While the decisions June Havens makes are almost always guaranteed to be groan-worthy, it's exactly what this film was trying to do. What would horror movies be without poor decision making by the people involved?  If June Havens was in a horror movie, she wouldn't just go upstairs or walk into the dark shed, she would adorn herself in flashing lights, and shout into a megaphone for the world to killer to come and get her. It may seem like that would make for a terrible character, one that you would think would be the first to go, but that's what makes Roy Miller so much more amazing. He's already one of the most hunted men on Earth, and now he's also trying to keep up with what some ditzy chick is going to do, depending on her mood. The more you see Miller and Havens together, the more you understand why James Bond never settled down with one woman for too long. You think your girlfriend talks too much while you're trying to watch TV?  Imagine her telling her stories, or sharing her "feelings" while several armed men use you for target practice!

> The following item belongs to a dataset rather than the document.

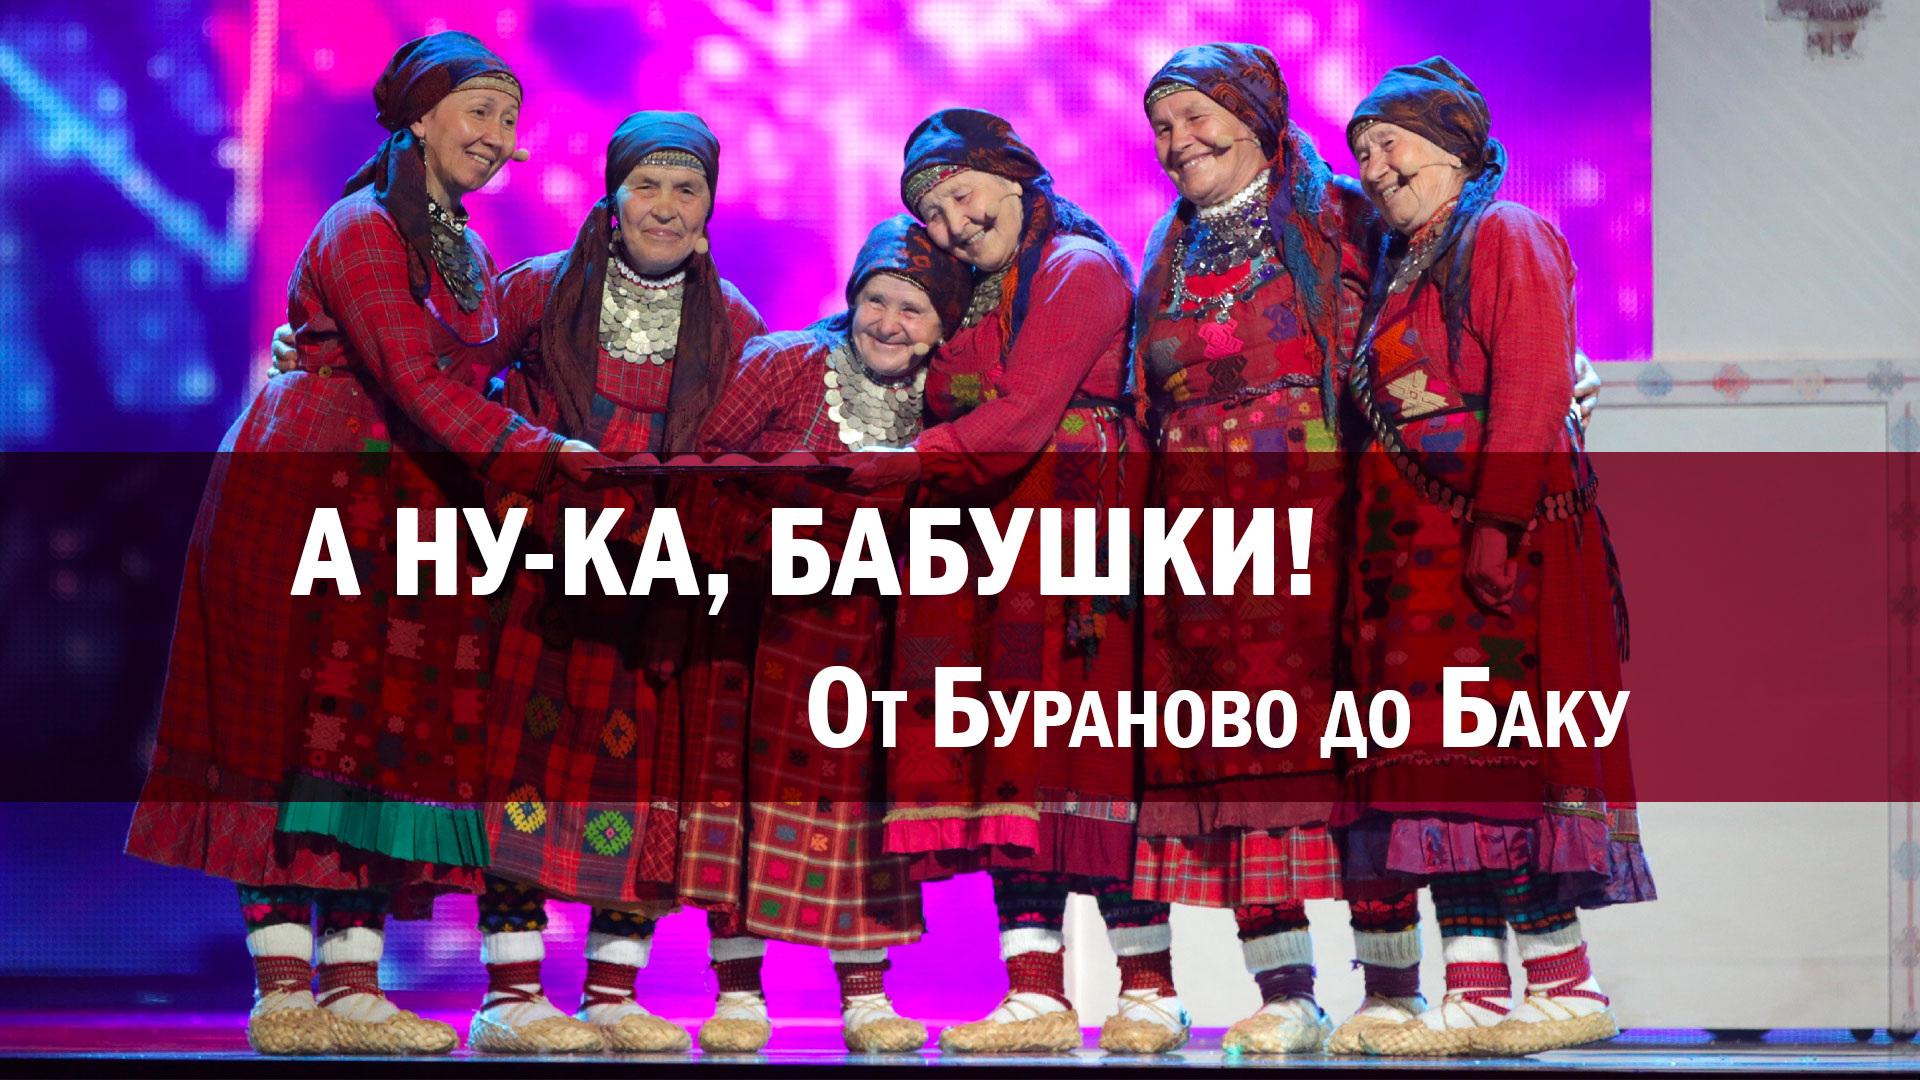 А ну-ка, бабушки! От Бураново до Баку

KNIGHT AND DAY may struggle to clearly define whether it is a comedy, a romantic comedy, a spy movie, or a romantic spy comedy action movie thriller, it manages to find itself in a comfortable little place not many films do. It may have enough humor and fun to entertain anyone who normally enjoys romantic comedies, but it also has more than enough action to appease fans of explosions and various other elements of summer blockbusters, much like TRUE LIES. One thing is for certain though, this is a role Tom Cruise had to play. For anyone who enjoyed Cruise's pre-crazy work, prepare yourselves for the Cruise of old, for he has returned, even in all his craziness, for this role, and he might just be back for a while. All in all, this film would hardly disappoint any fans of the cast, or blockbuster films in general.  Sure there are absurdities, sure there are weak spots in the dialogue, but is it worth checking out? Sure, if not for Cruise's performance alone.